Mu only: muhist Lambda only: Lambdahist psi only: psihist Mu full traceplot: mufullsampling Mu full convergence: mufullsamplingcumsum Mu full disitrbution: mufullsamplinghist Psi full sampling distribution: psifullsamplinghist Psi full sampling traceplot: psifullsampling Psi full sampling convergence: psifullsamplingcumsum Lambda full sampling distribution Lambdafullsamplinghist Lambda full sampling traceplot Lambdafullsampling Lambda full sampling convergence Lambdafullsamplingcumsum

mberaha commented 2 years ago

The code seems to be working! The Lambda parameter cannot be identified (there is a rotational ambiguity in the model) so you could compare Lambda Lambda^T against the true values, and see if these agree. I will have a better look at the code and offer some more software-related comments.

giacomodecarlo commented 2 years ago

Maybe before you go more in-depth with the code we should"clean" it a bit since some choices are very temporary (for example the use of .inverse() as Dr. Guindani suggested), so we don't waste your time reading some things we already know should be changed?

In the meanwhile, for what concerns questions about the second midterm presentation, should I use the thread we already have by email so we don't mix it with the discussion about the code?

mberaha commented 2 years ago

Sure, let's use GitHub only for the code. Let me know when the PR is ready for review

giacomodecarlo commented 2 years ago

Ok, thank you! We close the PR so that you don't get notifications for the commits and reopen it when it's ready!

giacomodecarlo commented 2 years ago

We have done some minor changes, corrected a few bugs and adapted the structure to the new framework of run_mcmc. run_mcmc now runs with our hierarchy and we were able to perform clustering on some simulated data, although for now we only tested data composed by 2 clusters already well separated. We still have to implement some automatic hyperparameter initilization and deal with the structure that contains the data inside a single cluster to be able to access it by rows and columns, since what is implemented now cannot be the best choice for sure, we are going to implement a matrix as @brunoguindani suggested. Is there a way to acces the whole dataset already from inside a cluster already?

brunoguindani commented 2 years ago

Is there a way to acces the whole dataset already from inside a cluster already?

Unless I'm forgetting something, there is not. In each hierarchy, a data point from the dataset is currently registered only through its row index (in the cluster_data_idx member) and in aggregated form in the summary statistics (through the update_summary_statistics() method). There is no setter for the whole data matrix in the hierarchies, and data information is only added one row at a time via add_datum(), which is called by the algorithms.

The most efficient solution would be to initialize the data matrix to the maximum dimensions possible, then keep track of which rows are valid via cluster_data_idx -- either by initializing the i-th datum to the i-th row, or adding rows from the top and using cluster_data_idx cardinality to count valid rows.
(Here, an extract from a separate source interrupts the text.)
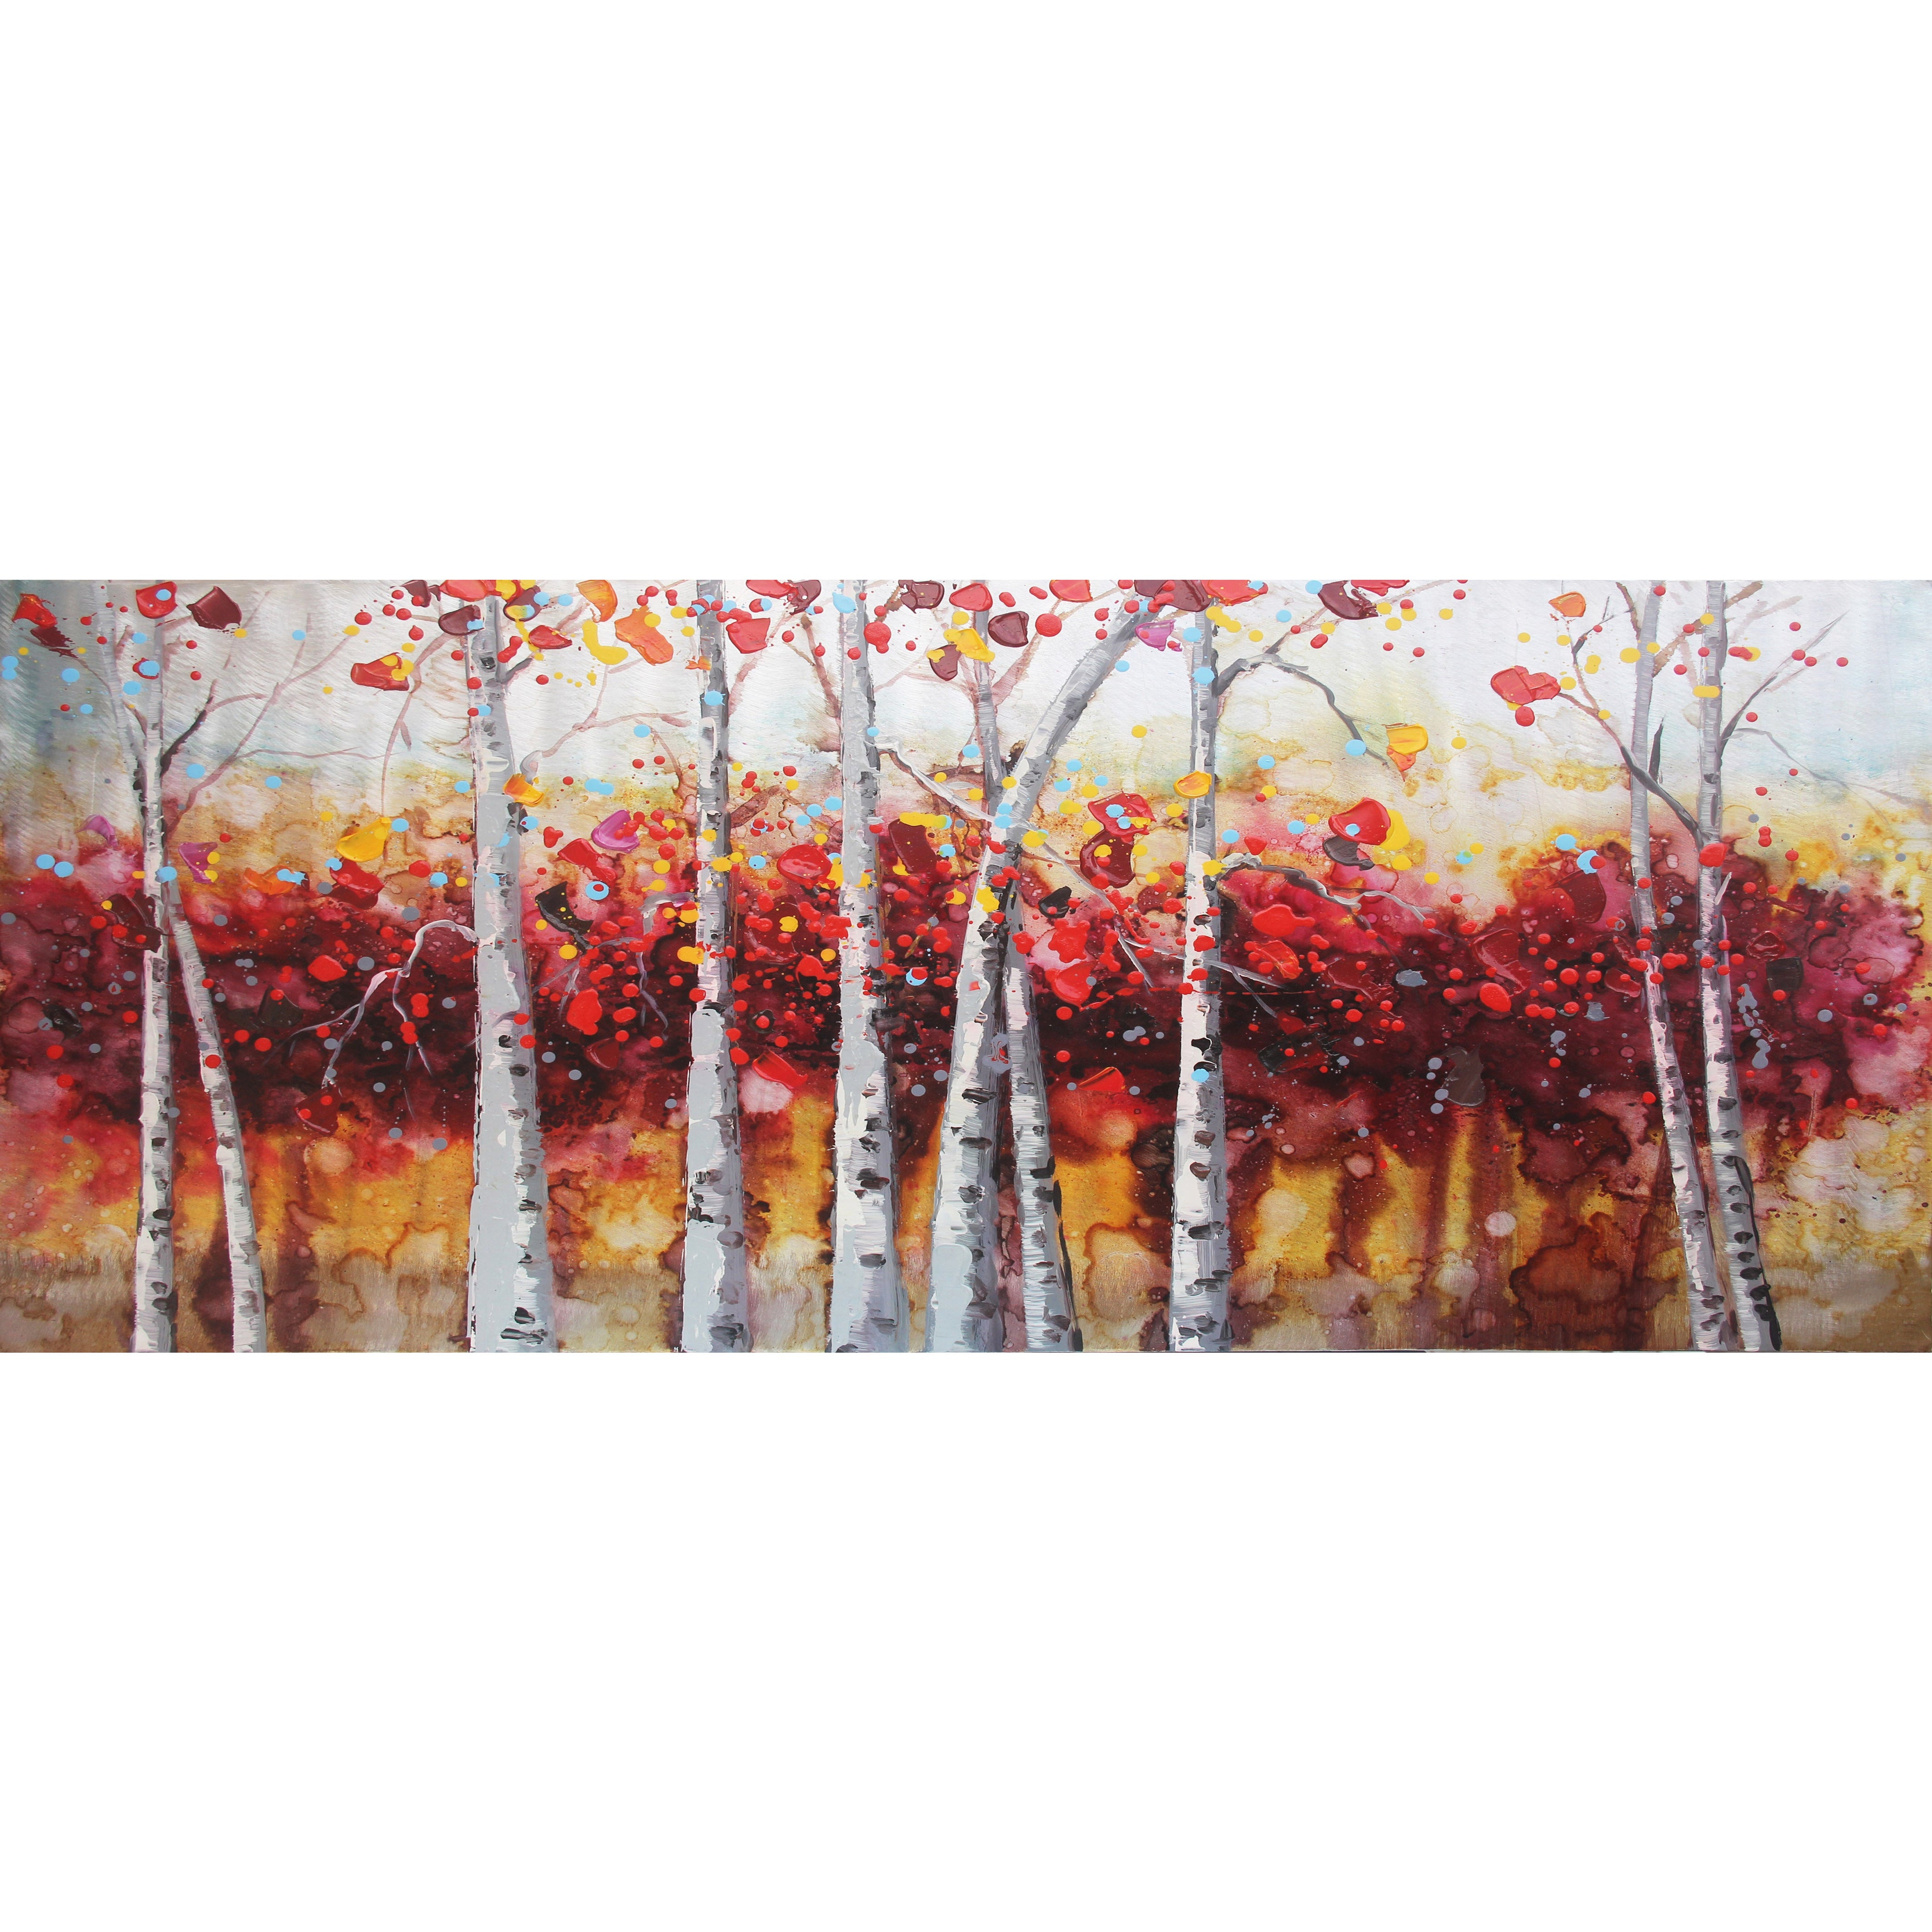 Oil painting | 60x150 cm | Painting | p6203

This would require some code changes, namely passing some new argument to the hierarchy initializing function. I don't know if this is worth the efficiency gain or not. Let's hear also from the others.
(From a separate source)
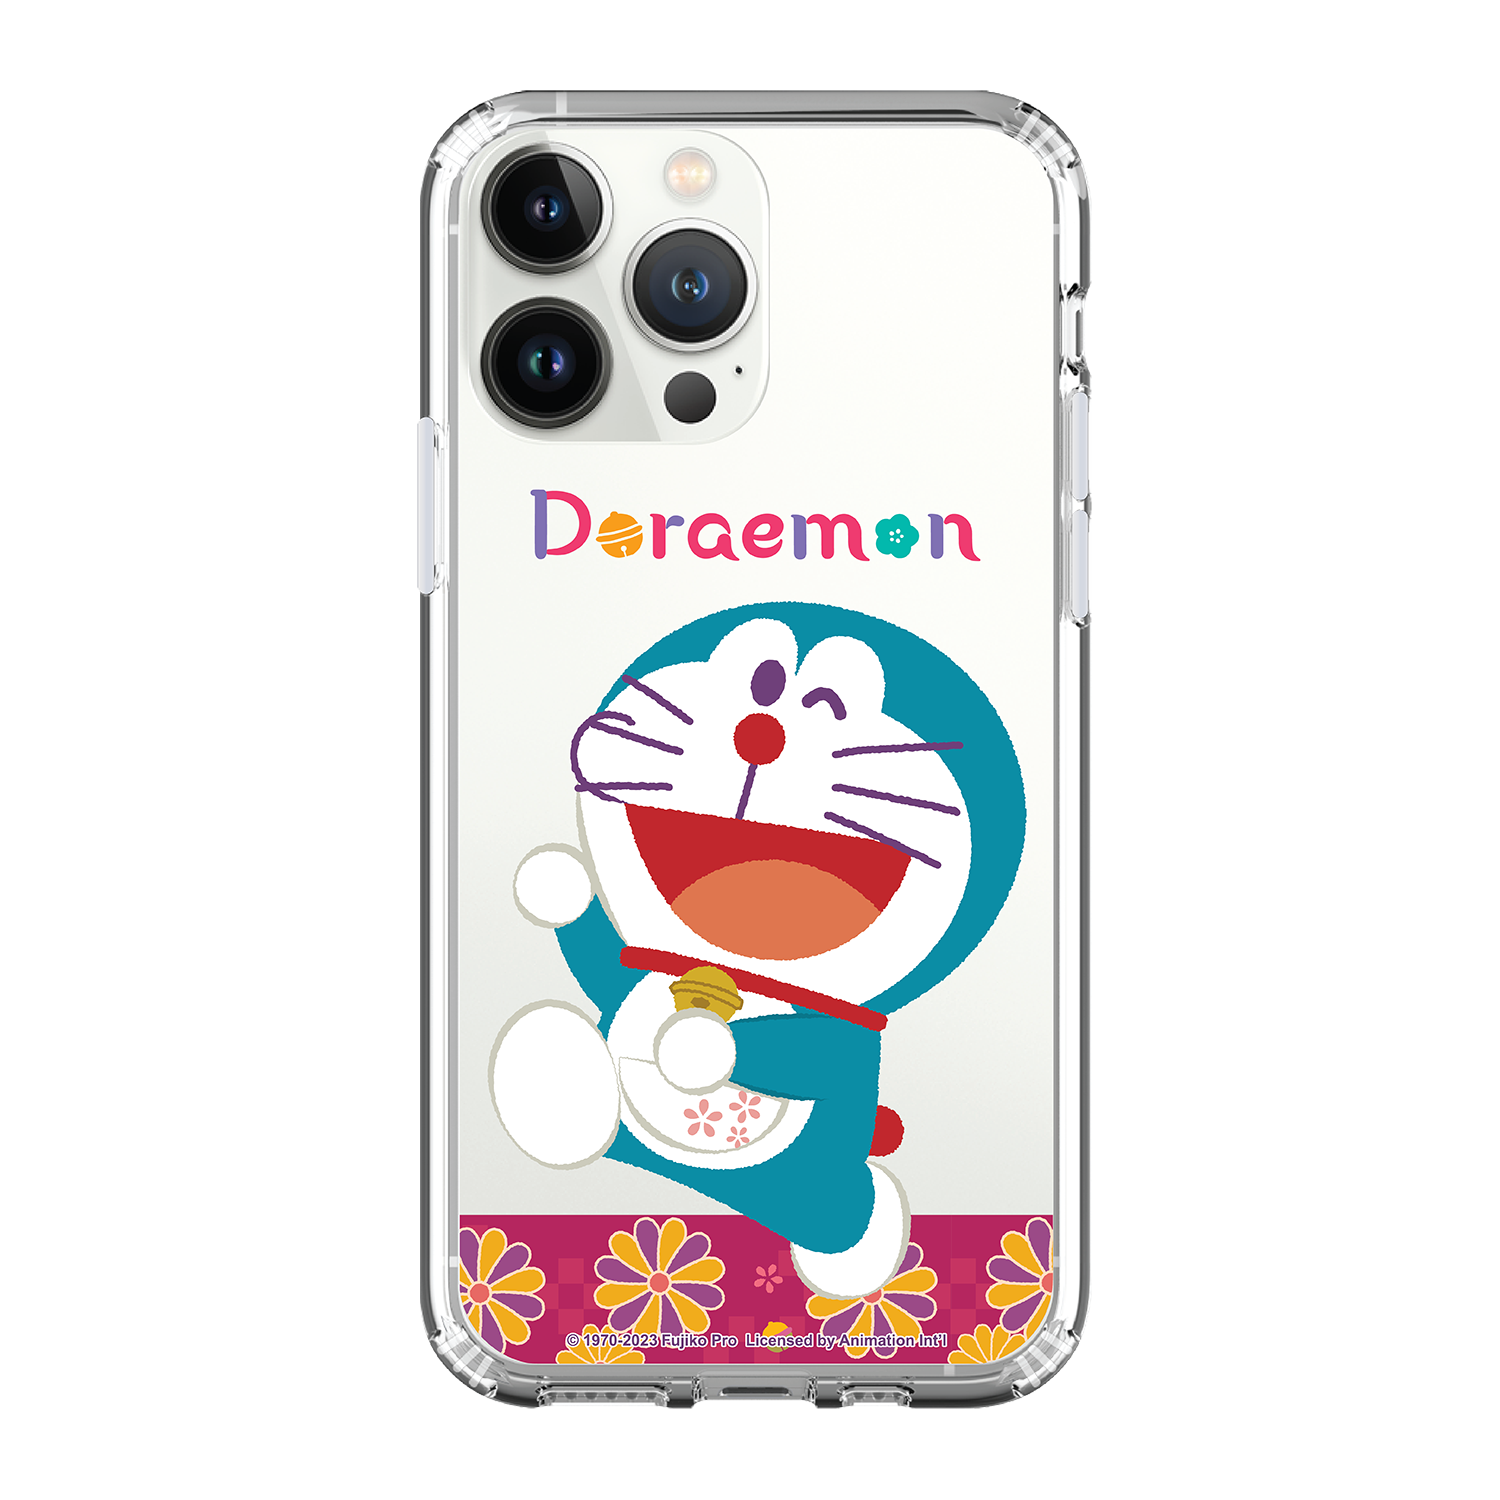 Doraemon Clear Case / iPhone Case / Android Case / Samsung Case 多啦A夢 正版授權 全包邊氣囊防撞手機殼 (DO125)

EDIT: Or, we can use a pointer as mentioned by @mberaha here. I still don't know what's more efficient.

mberaha commented 2 years ago

Is there a way to acces the whole dataset already from inside a cluster already?

Unless I'm forgetting something, there is not. In each hierarchy, a data point from the dataset is currently registered only through its row index (in the cluster_data_idx member) and in aggregated form in the summary statistics (through the update_summary_statistics() method). There is no setter for the whole data matrix in the hierarchies, and data information is only added one row at a time via add_datum(), which is called by the algorithms.
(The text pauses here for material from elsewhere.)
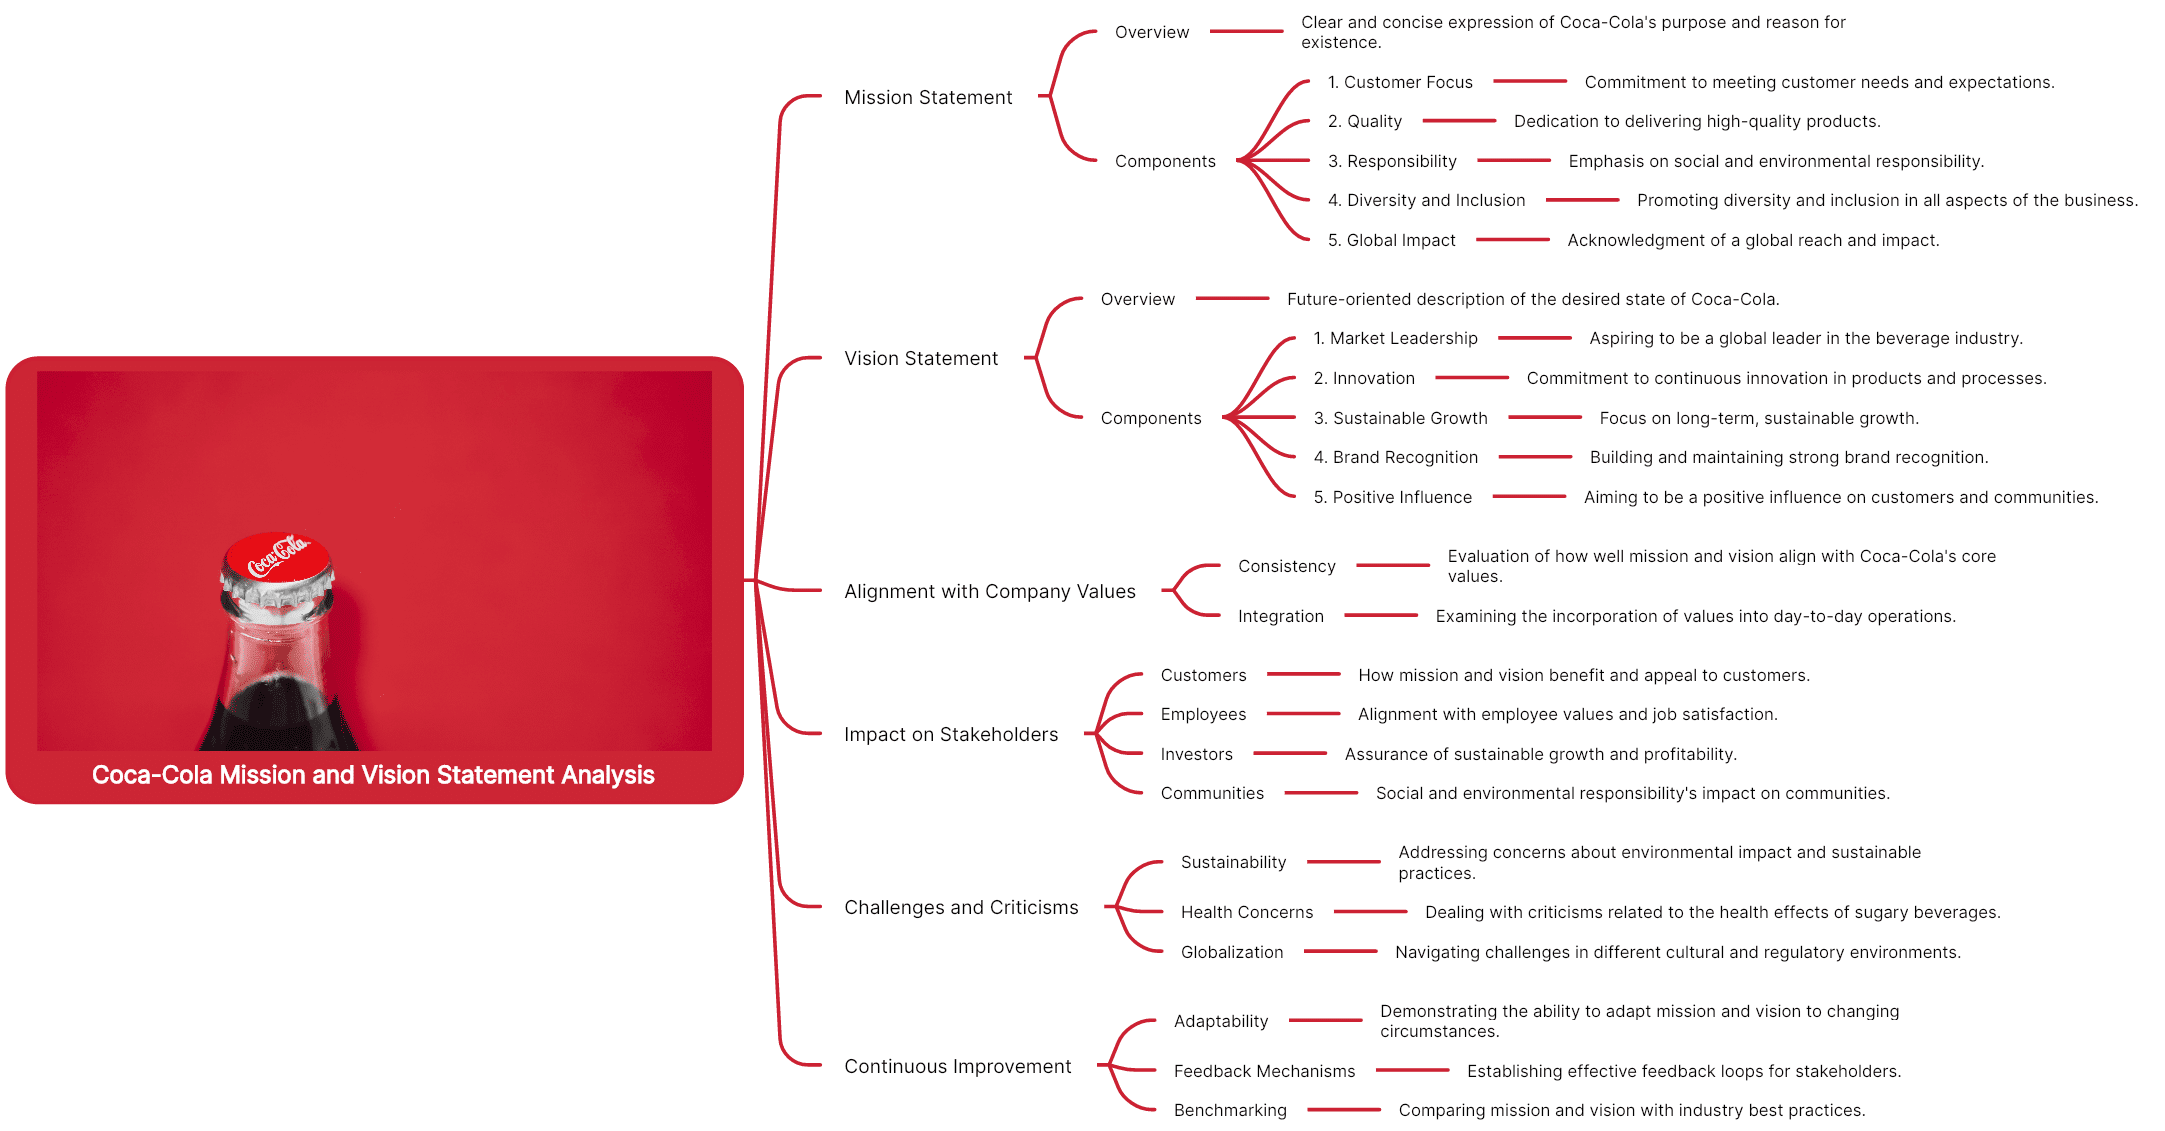 Coca-Cola Mission and Vision Statement Analysis Mind Map

The most efficient solution would be to initialize the data matrix to the maximum dimensions possible, then keep track of which rows are valid via cluster_data_idx -- either by initializing the i-th datum to the i-th row, or adding rows from the top and using cluster_data_idx cardinality to count valid rows. This would require some code changes, namely passing some new argument to the hierarchy initializing function. I don't know if this is worth the efficiency gain or not. Let's hear also from the others.

EDIT: Or, we can use a pointer as mentioned by @mberaha here. I still don't know what's more efficient.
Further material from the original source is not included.